GM Opposes  an Expedited Chapter 11 reorganization

GM opposes chapter 11 reorganization for five reasons: too much delay, too many stakeholders, high administrative costs, possible lack of chapter 11 (DIP) funding, and lost sales because of the stigma attached to chapter 11.

— Delay. A pre-negotiated chapter 11 reorganization can be completed before March 31, 2009, the date GM envisions for completing its partial out of court restructuring. Specific provisions of the Bankruptcy Code authorize expedited procedures for voting on and approval of a chapter 11 reorganization plan. By assigning multiple judges to handle different aspects of a GM reorganization case, I believe GM could get approval of its plan in 100 days.

— Too many stakeholders. In chapter 11 the vote of the majority of a class of creditors binds the minority if the majority holds at least 2/3rds of the total claims in the class. For example, assuming GM has $40 billion of short and long term debt which is placed in one class, holders of $26.8 billion of the debt can bind the minority as long as those holders also constitute a majority of the bondholders actually voting on the plan.

Because GM’s bonds are likely to be concentrated in the hands of distressed debt investors, holdouts are not likely to be able to block approval of a reorganization plan. Voting in a chapter 11 case will be expedited. Outside of bankruptcy the problem caused by bondholders who do not cooperate with GM will be greater because GM has no way to force dissenting bondholders to accept its restructuring plan.

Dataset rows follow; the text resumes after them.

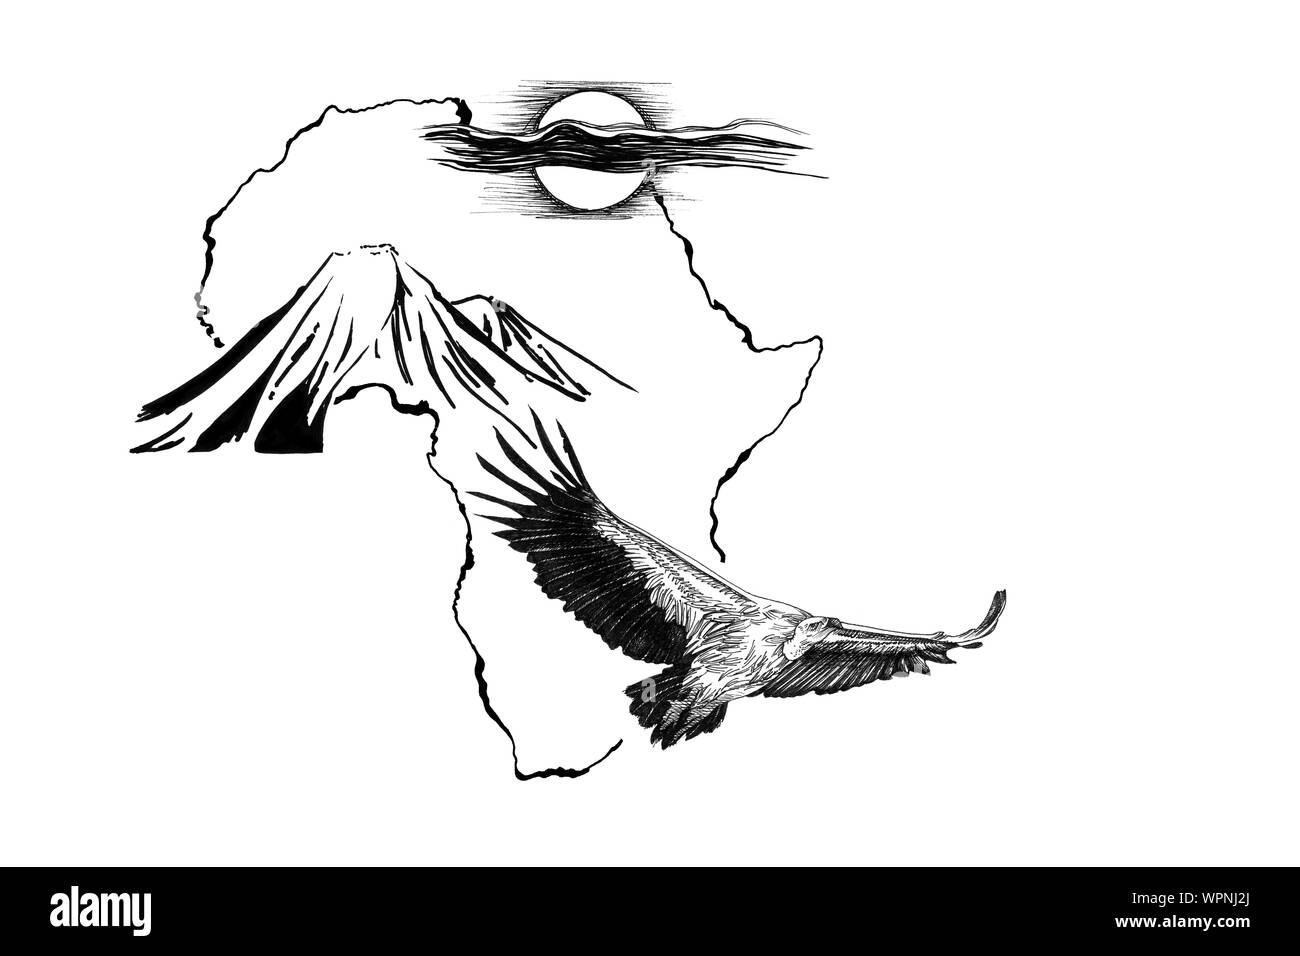 Sur fond de carte de l'Afrique de vautour avec Kilimandjaro montagne et soleil. Collection d'illustrations faites à la main (originaux, pas de traces) Banque D'Images
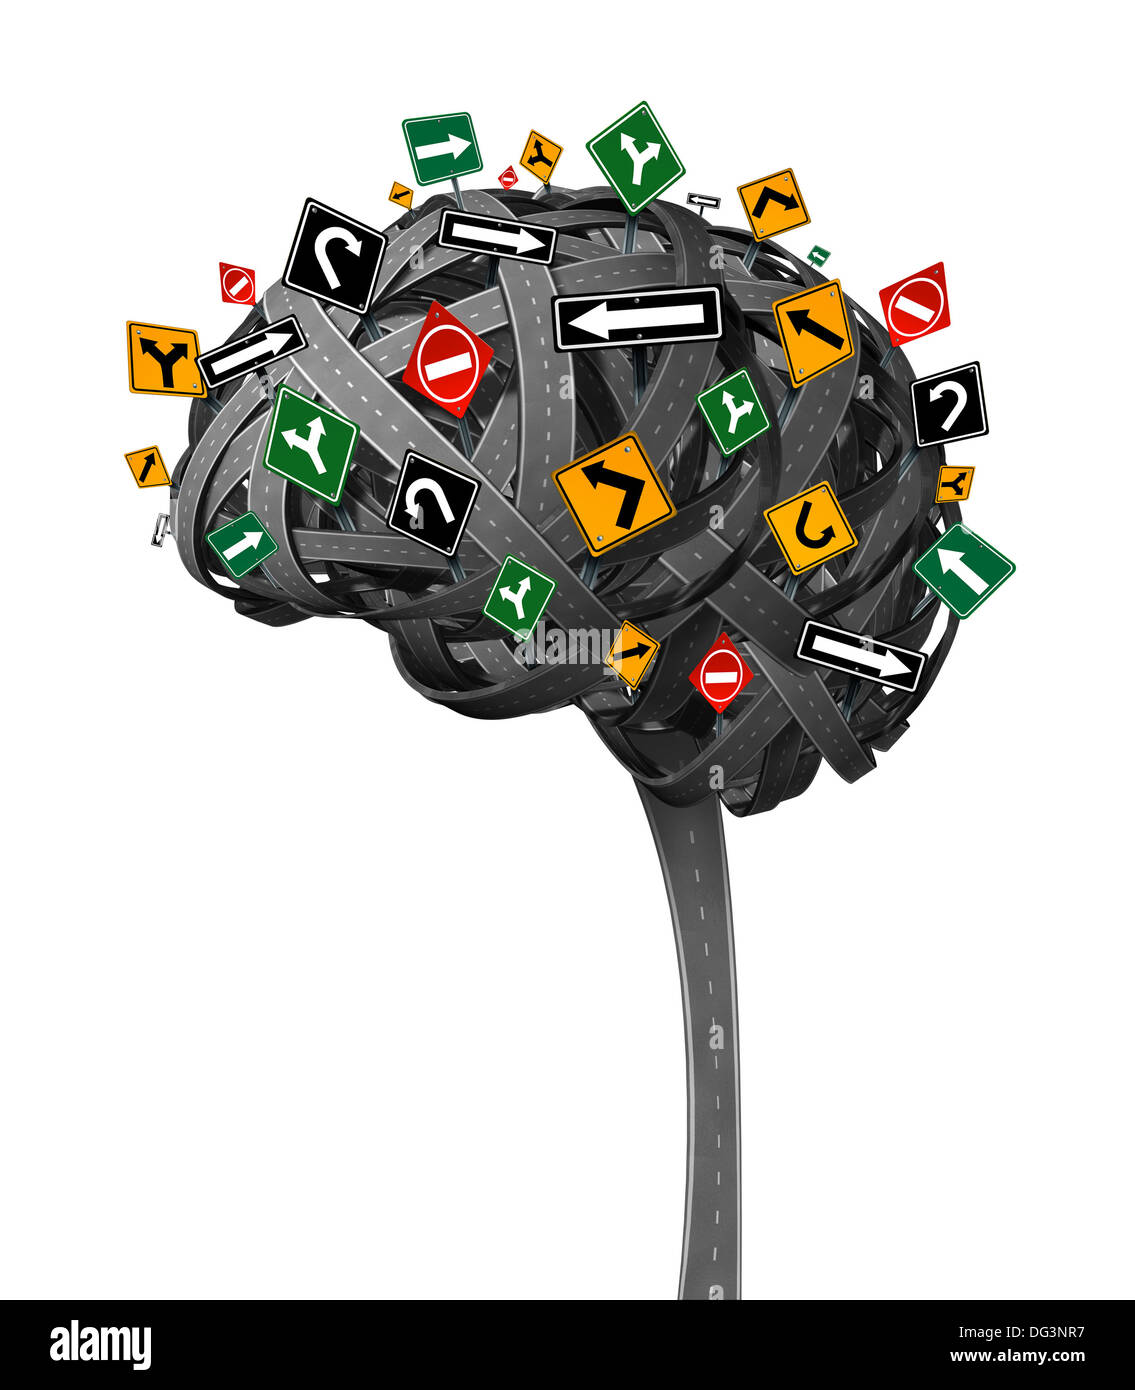 Gehirn Richtung Neurologie Konzept für Demenz mit verschlungenen Straßen in der Form des menschlichen Denkens Organs mit verwirrenden Straße Verkehrszeichen als Symbol für Gesundheit und Metapher für Gedächtnisverlust und Verwirrung auf einem weißen Backhground. Stockfoto
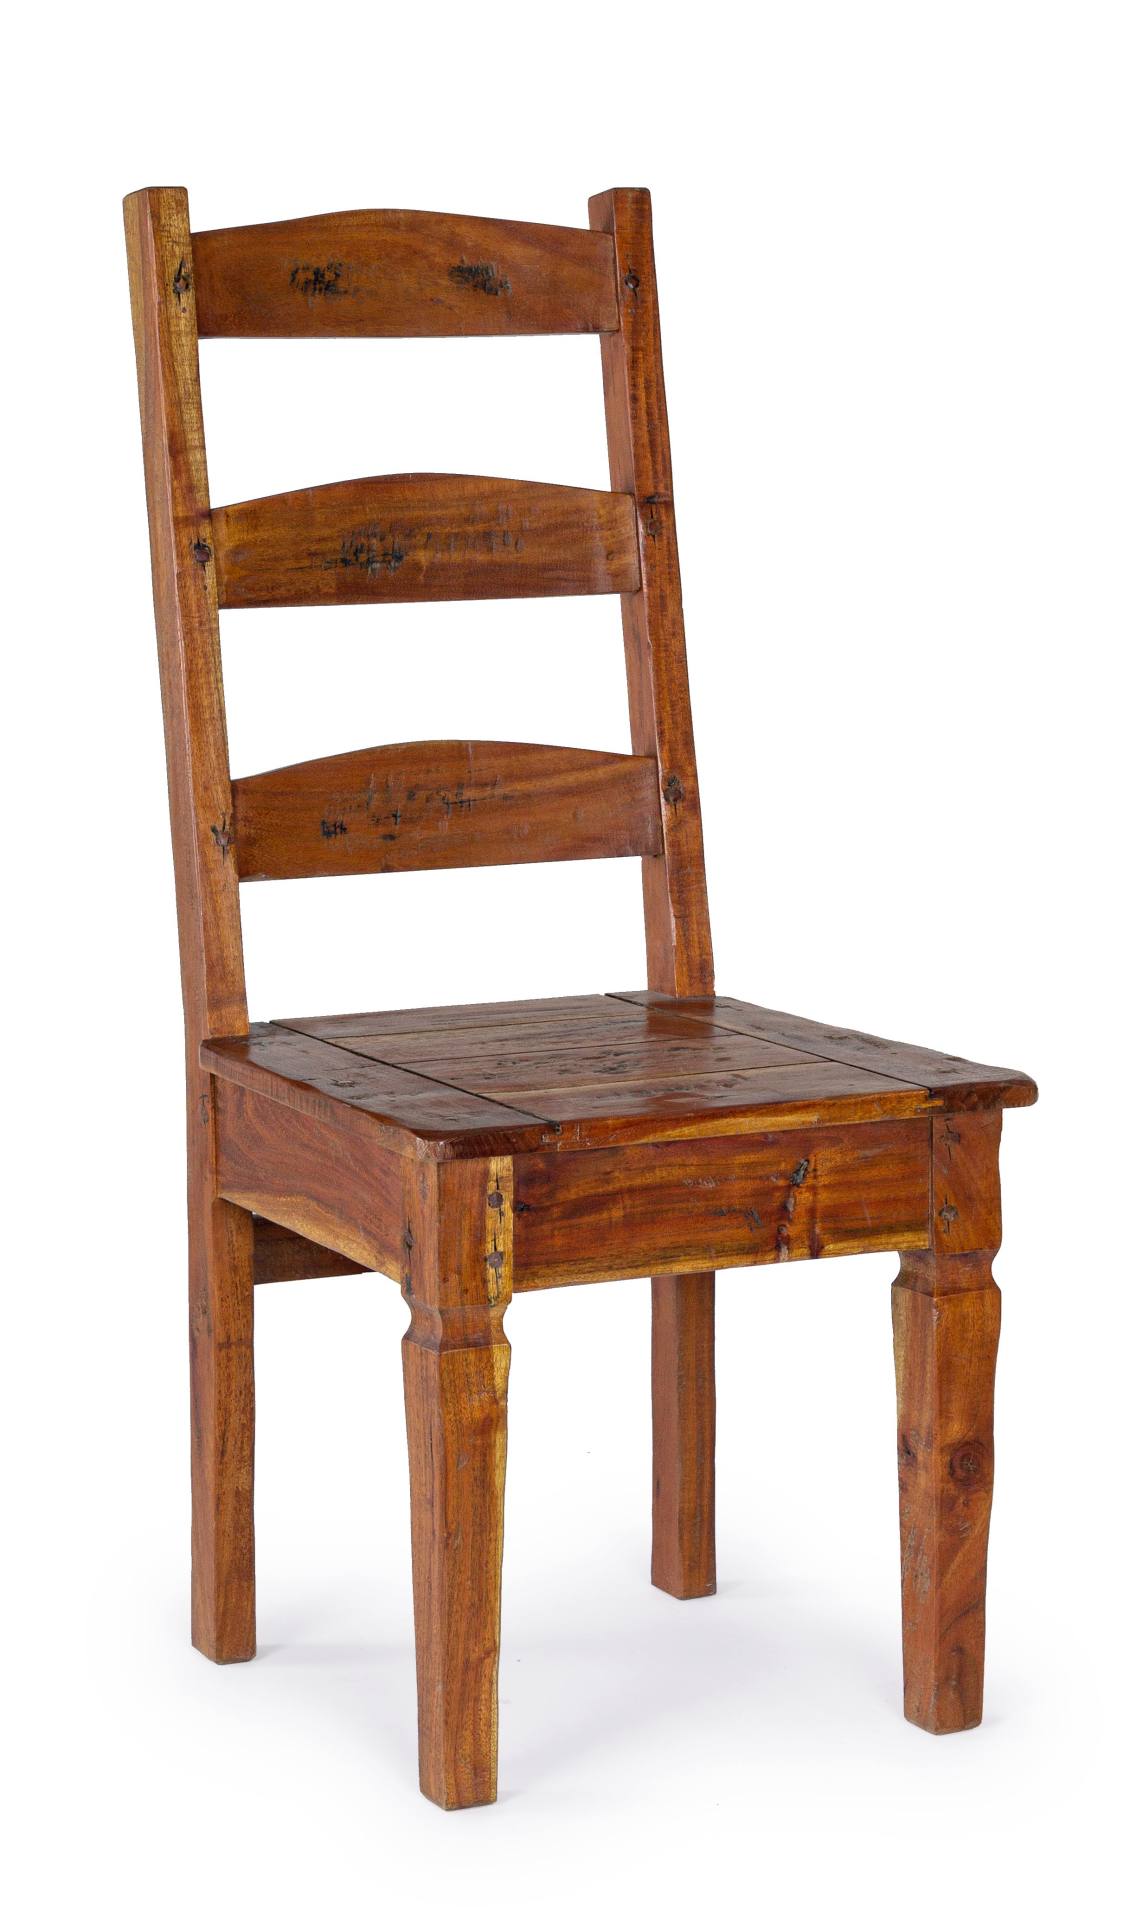 Der Stuhl Chateaux überzeugt mit seinem klassischen Design. Gefertigt wurde der Stuhl aus Akazienholz, welches einen natürlichen Farbton besitzt. Die Sitzhöhe beträgt 46 cm.

— Administrative costs. The legal and accounting work needed to do an out of court restructuring and a bond exchange offer is similar in cost to what is incurred in a chapter 11 case. However, chapter 11 gives the debtor the right to initiate proceedings to reject collective bargaining agreements or to reduce retiree benefits, and the cost of those proceedings would be higher because those legal rights only exist in chapter 11.

If GM can negotiate concessions from the UAW without the threat of a court approved rejection of the labor agreements, and get all other creditor groups to make meaningful concessions, then an out-of-court restructuring may work. Any increase in administrative costs of chapter 11 reorganization will be offset by the fact that once GM is in chapter 11 it does not have to use cash to pay dealer termination claims or other unsecured claims.

— Possible lack of funding. Elsewhere we have suggested that the government guarantee a DIP loan to GM made by a consortium of lenders with experience lending to and monitoring chapter 11 debtors. In chapter 11 GM will be able to conserve cash payments it otherwise would have to make to bondholders, suppliers, the UAW and retirees. In addition, the bankruptcy court can give “super-priority” to any government loan, which would make the loan junior only to GM’s existing $6 billion secured debt.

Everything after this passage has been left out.